ある程度マクロ経済学の知識を有した皆さんなら即わかるように、西村ポンコツ経済担当大臣は、実体経済と金融経済の区別がついていません。
おそらくこのド素人は実体市場と金融市場で使用する貨幣の種類が異なることさえ理解していないでしょう。

経済担当大臣が「日経平均株価が過去最高なので日本経済は成長するぜ!」というような認識のもと、日々誤謬に彩られた発信を重ね、それを大本営メディアも無批判に垂れ流しているのですから、勘違いしてしまう人が量産されて当たり前です。

でも…、例えばですが、おそらくウチの親族も含めて日本国民の半分くらいは「金融資産のある金持ちがいくら儲かっても、俺たちの家計には関係のないこと」と、理論的背景を知ってか知らずかナチュラルな実感として「トリクルダウン理論など非現実的だ」という事実を共有していると思います。
しかし「なぜトリクルダウンが起こらないのか」という理論的なことを説明できる人は少ないでしょう。

理論的なことをざっと説明するなら、金融機関間取引(株や債権の売買)は、準備預金という、我々一般人(民間非金融部門)が使うことのできない現預金通貨ではない貨幣を使用していることが、まずその理由の一点目としてあげられ、そしてもしその金融機関との取引を介して金持ちが現預金通貨を手に入れたとしても、消費性向(所得に対する消費の割合)が低いため実体経済市場にお金が還流しないということが二点目にあげられます。
 

図① :銀行間市場(金融市場)と預金・貸出市場(実体市場)の二種類の貨幣(日銀当座預金=準備預金と銀行預金=通貨)の動きを可視化した簡略図。
 

ですから株価が上がって金融機関やお金持ちが儲かっても、殆ど実体市場向けには使いませんし、彼らはさらに儲けてやろうと再び金融市場に投機するのみとなります。

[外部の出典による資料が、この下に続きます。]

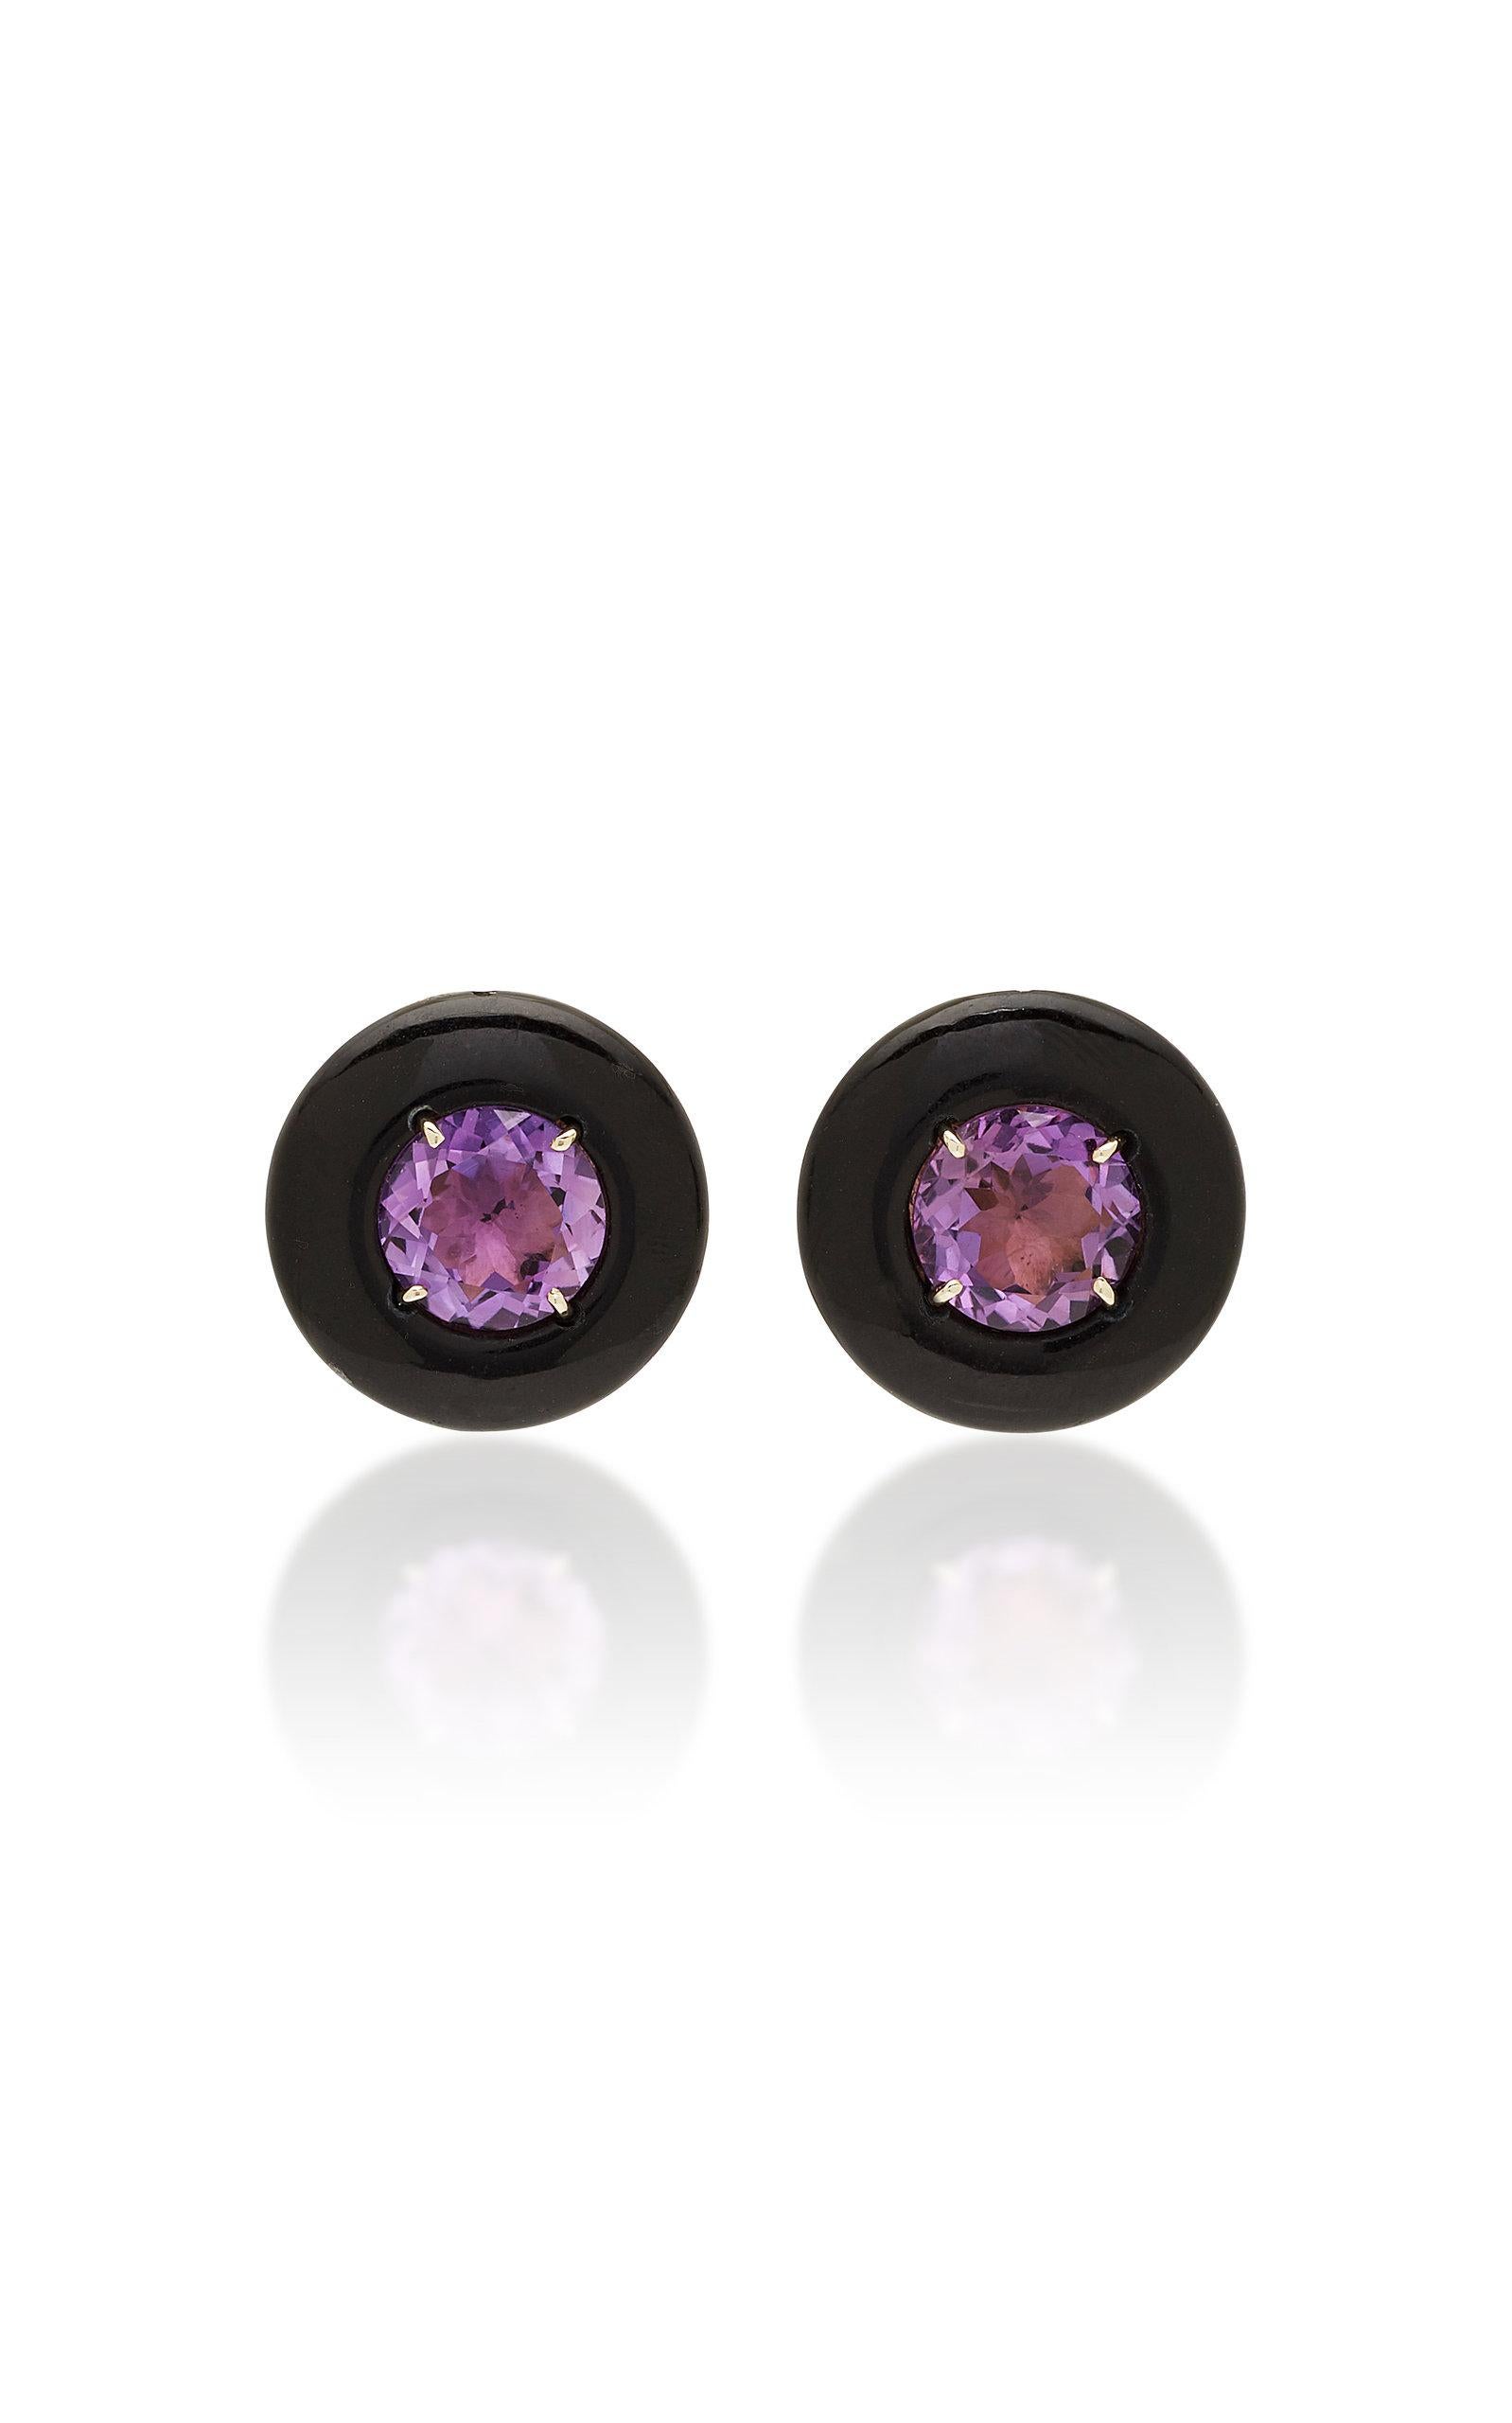 Sorab & Roshi Black Onyx Button Earrings with Faceted Amethyst Center In New Condition For Sale In Greenwich, CT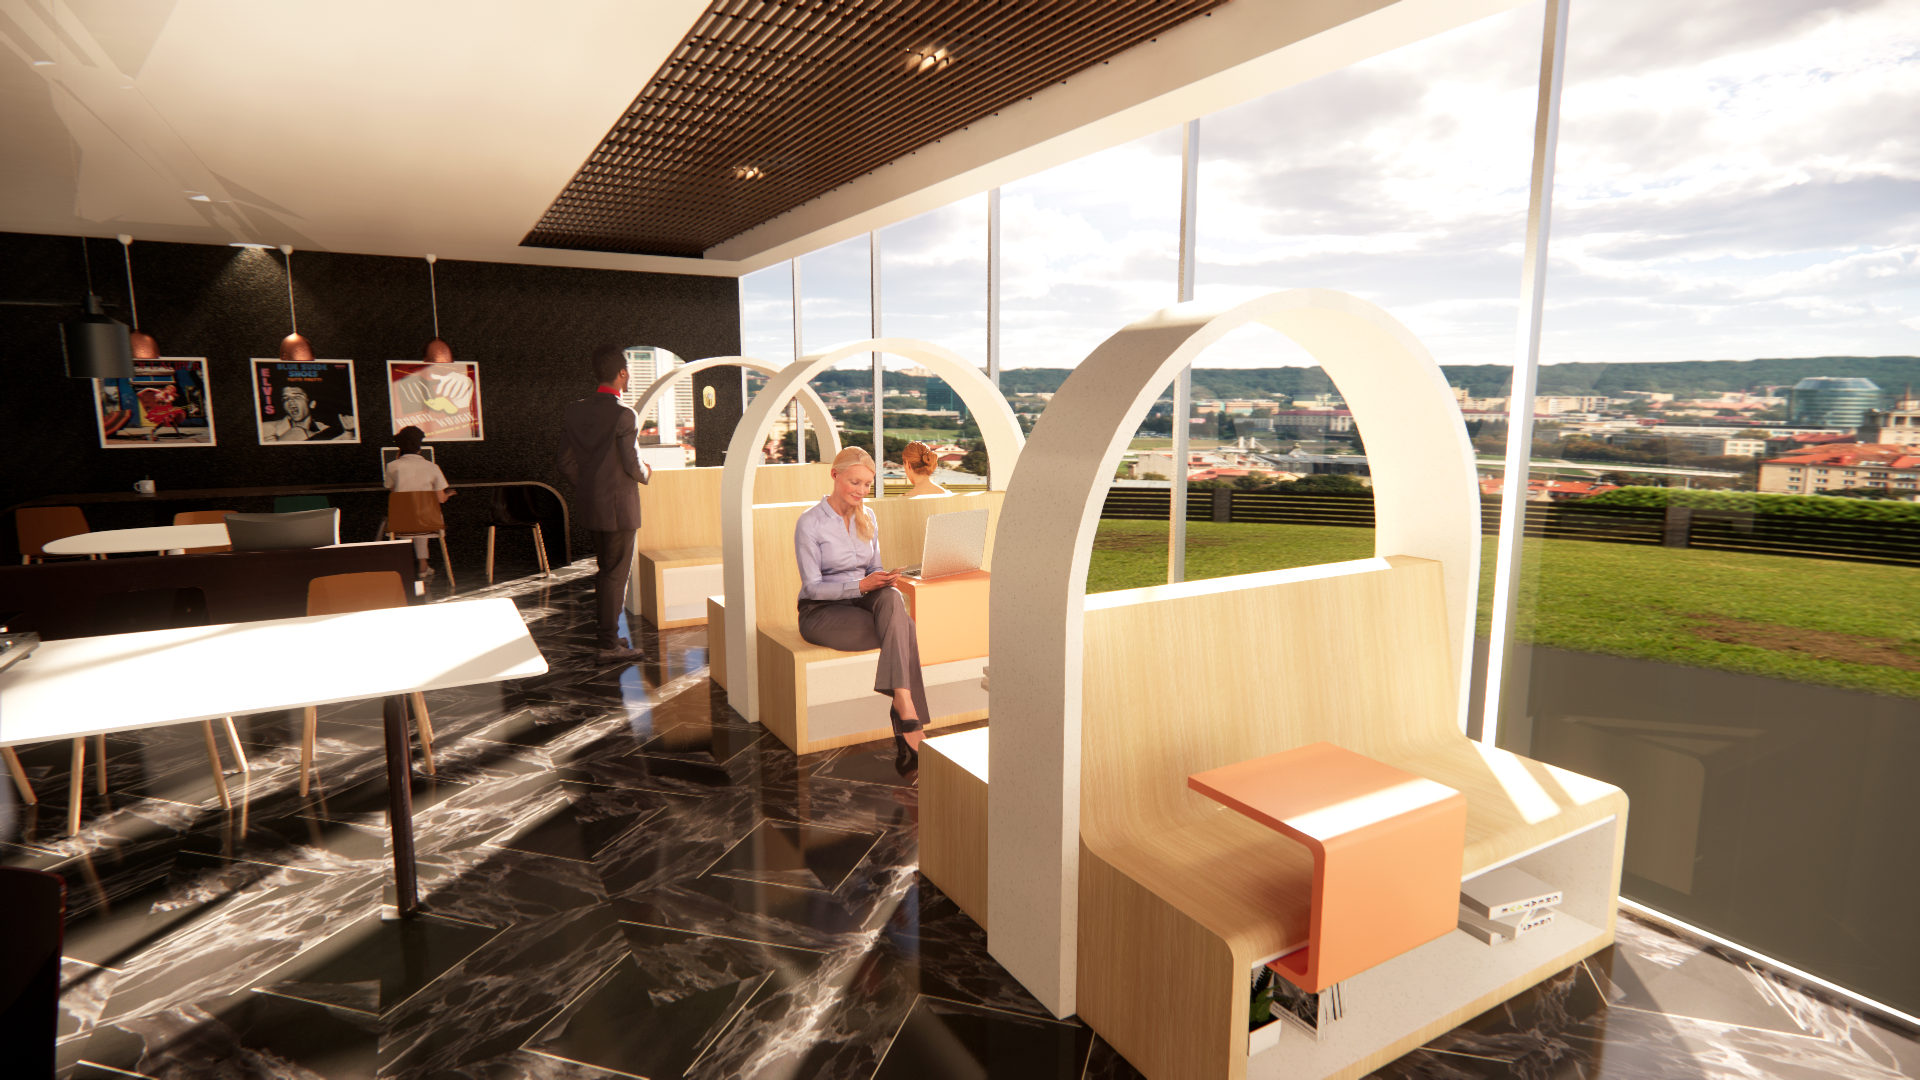 Rendering of a custom furniture design of a double sided booth with an arch overhead.

日銀がどんなに量的金融緩和やETF買いなどで金融市場にお金(準備預金)を投じて金持ちのフトコロを肥えさせても、金融バブルを作るだけですし、量的金融緩和を講じても実体市場にはそもそも需要がないのだから、わざわざお金(通貨)を借りて設備投資しようなんて人もあまりいないので、民間銀行の信用創造が生まれず、実体市場に対して通貨も創造されません。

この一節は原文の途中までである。